The gun control law that Gov. Andrew Cuomo (D-NY) rushed enact require all gun owners living outside NYC to renew their permits every five years. NYC’s gun control regulations are not affected by the new law.
† “Persistent vegetative state” diagnoses too often a rush to judgment (second item on the page): A brain scan performed last week on former Israeli prime minister Ariel Sharon, who was believed to be in a vegetative state after a catastrophic stroke seven years ago, showed “significant brain activity in response to external stimuli, raising the chances that he is able to hear and understand,” The New York Times reports. In October 2011, Sharon’s son Gilad told a reporter for The Times that, “When he is awake, he looks at me and moves fingers when I ask him to. I am sure he hears me.”
† The federal government pays people to stay poor: Many people on public assistance play the lottery with their benefits, and NC State Rep. Paul Stam (R-Wake) is proposing a bill that would penalize vendors selling lottery tickets to anyone who uses food stamps to buy groceries, The Associated Press reports, because “We're giving them welfare to help them live, and yet by selling them a ticket, we're taking away their money that is there to provide them the barest of necessities.” Some 1.7 million food stamp recipients in the state would be affected by the law.
† Inner City Pathology Has Become A Cliché (second item on the page): A three-judge panel of the U.S. Court of Appeals for the Third Circuit affirmed September 2011 lower court ruling dismissing a copyright infringement suit against rapper 50 Cent (AKA Curtis Jackson) by Shadrach Winstead of Newark, on the grounds that the “story of an angry and wronged protagonist who turns to a life of violence and crime has long been part of the public domain,” New Jersey Law Journal reports:
Winstead failed to state an actionable claim for copyright infringement because, although his book and 50 Cent's works share similar themes and setting, the stories are common, the panel said.

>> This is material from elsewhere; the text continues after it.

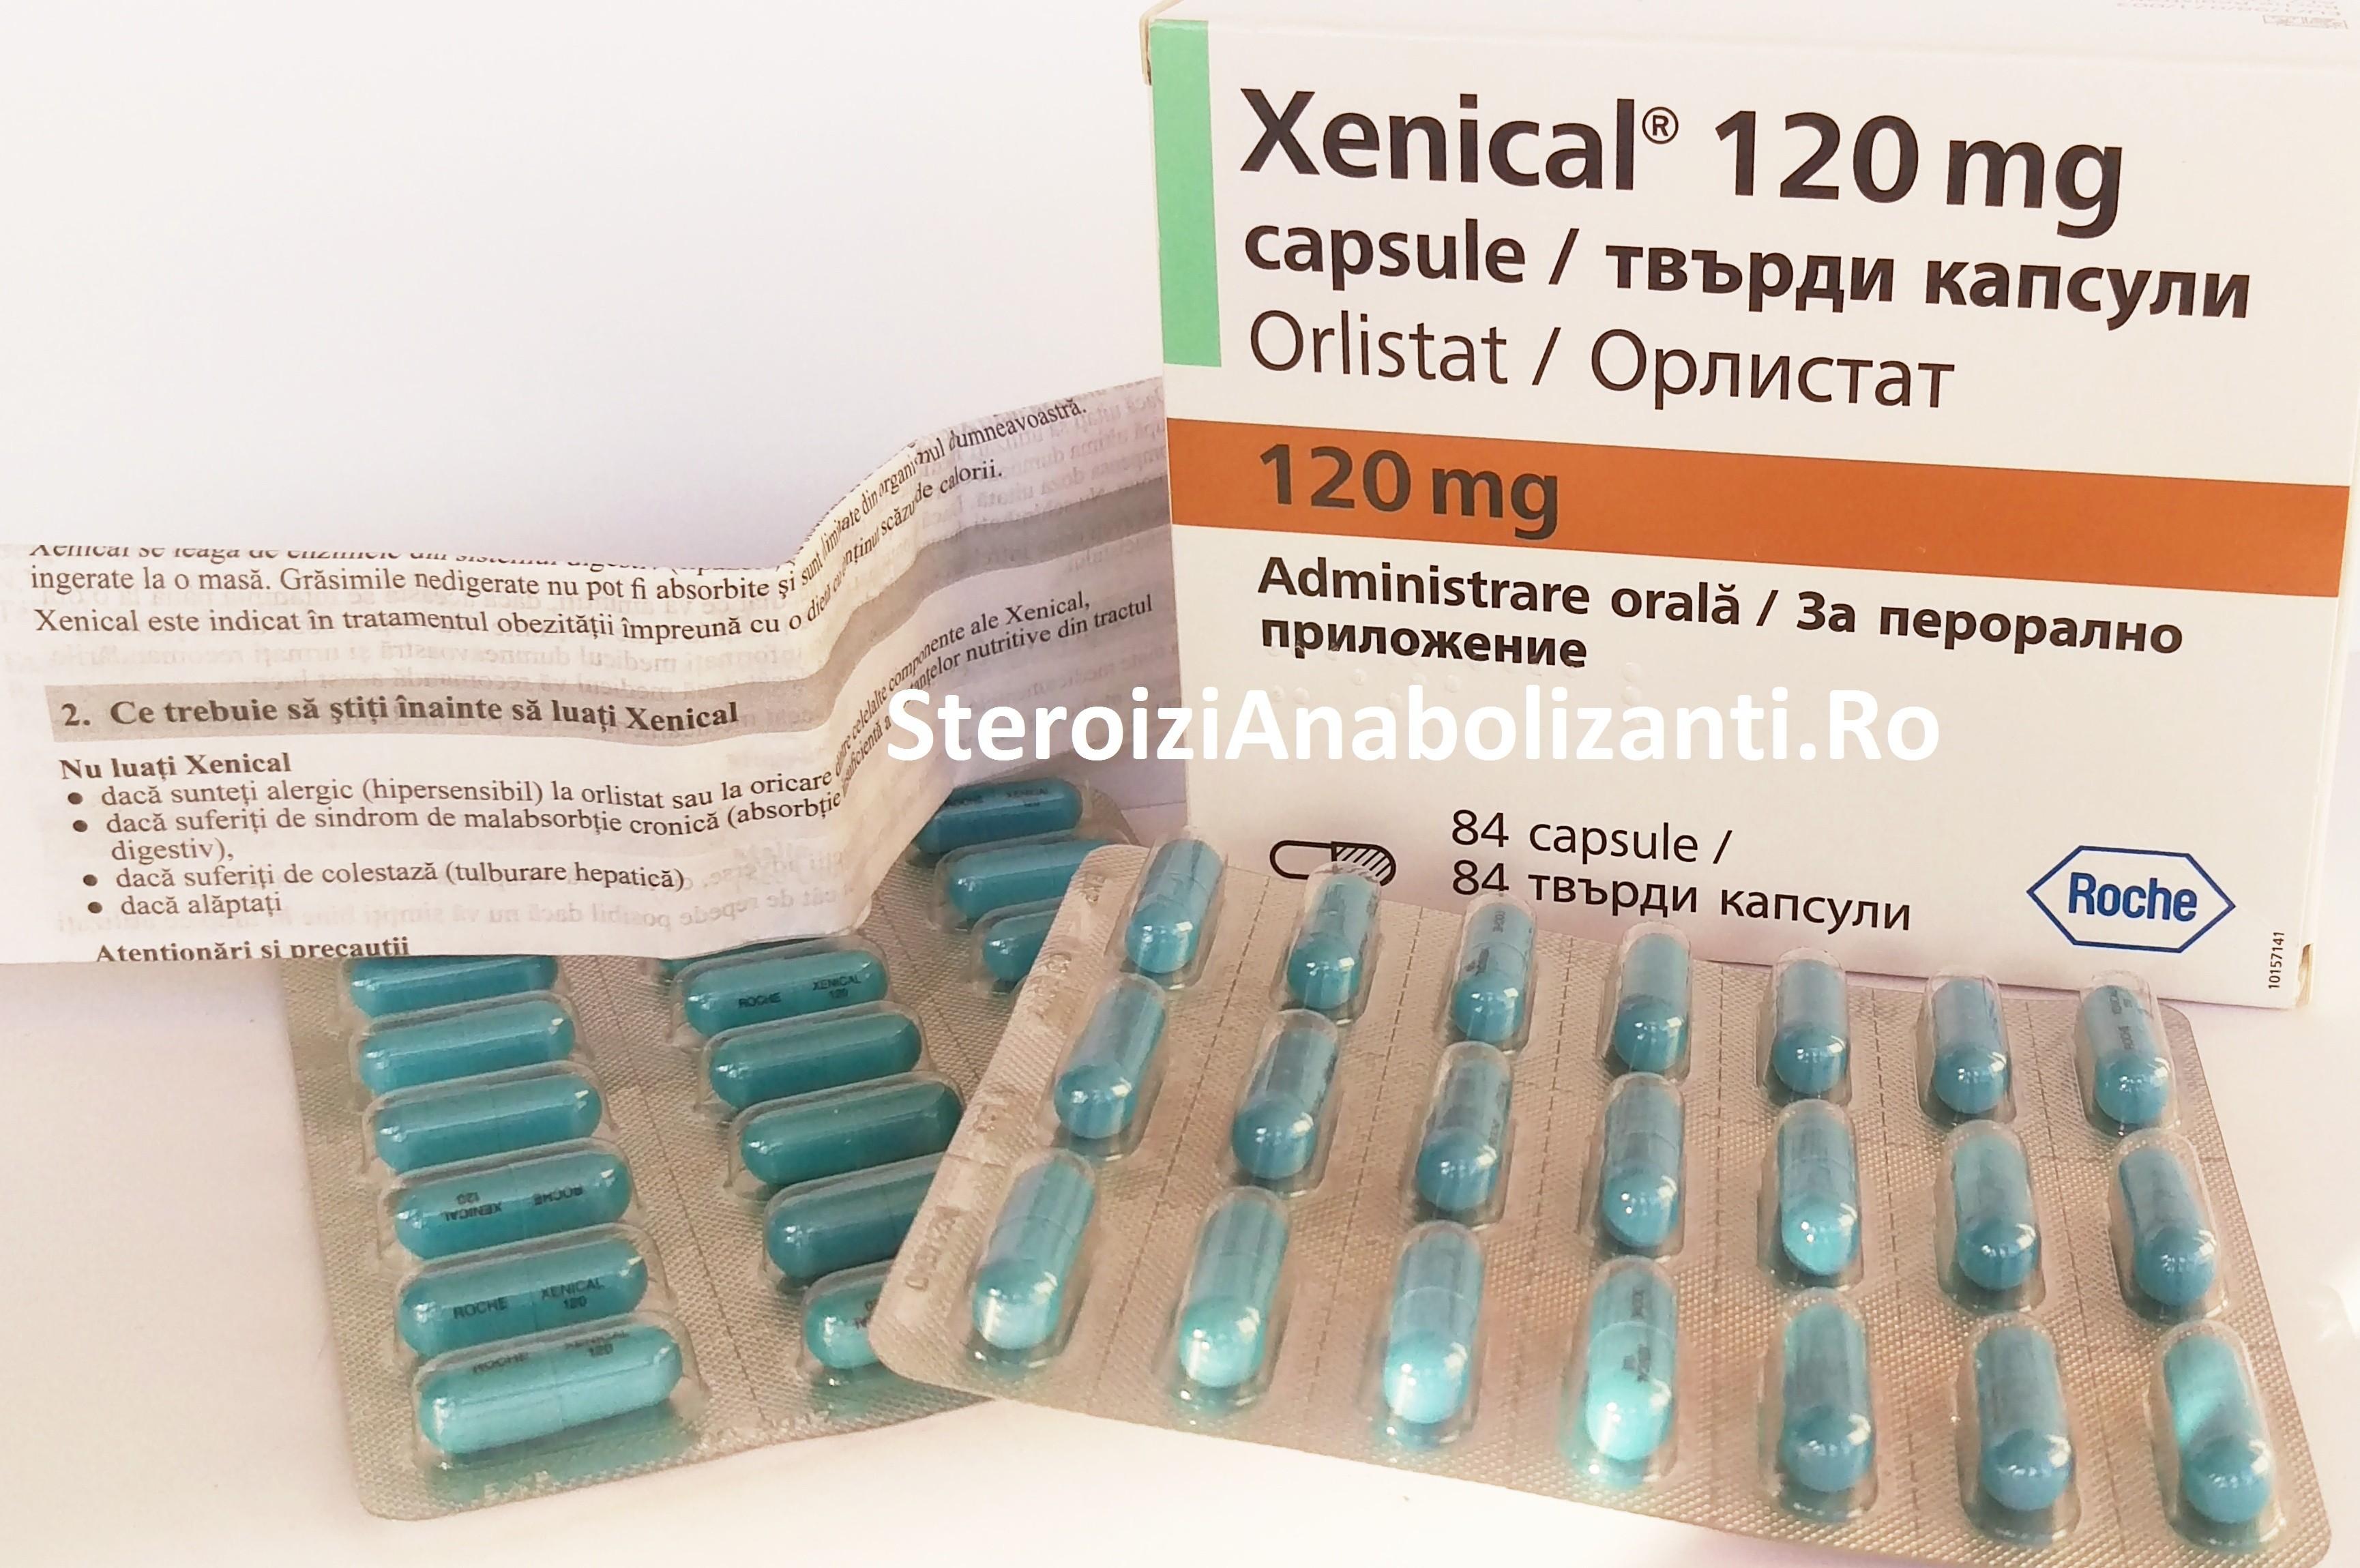 Etichetă: pastile pentru slabit Informatii prospect Xenical mg, capsule

The court was unpersuaded by Winstead's argument that common, short hip-hop phrases from his book were copyright protected. "The average person reading or listening to these phrases in the context of an overall story or song would not regard them as unique," the court said.
So there you have it: Not only Winstead’s life story and 50 Cent’s “Before I Self-Destruct” are urban clichés, but the words they both use to tell pretty much the same story are also unoriginal.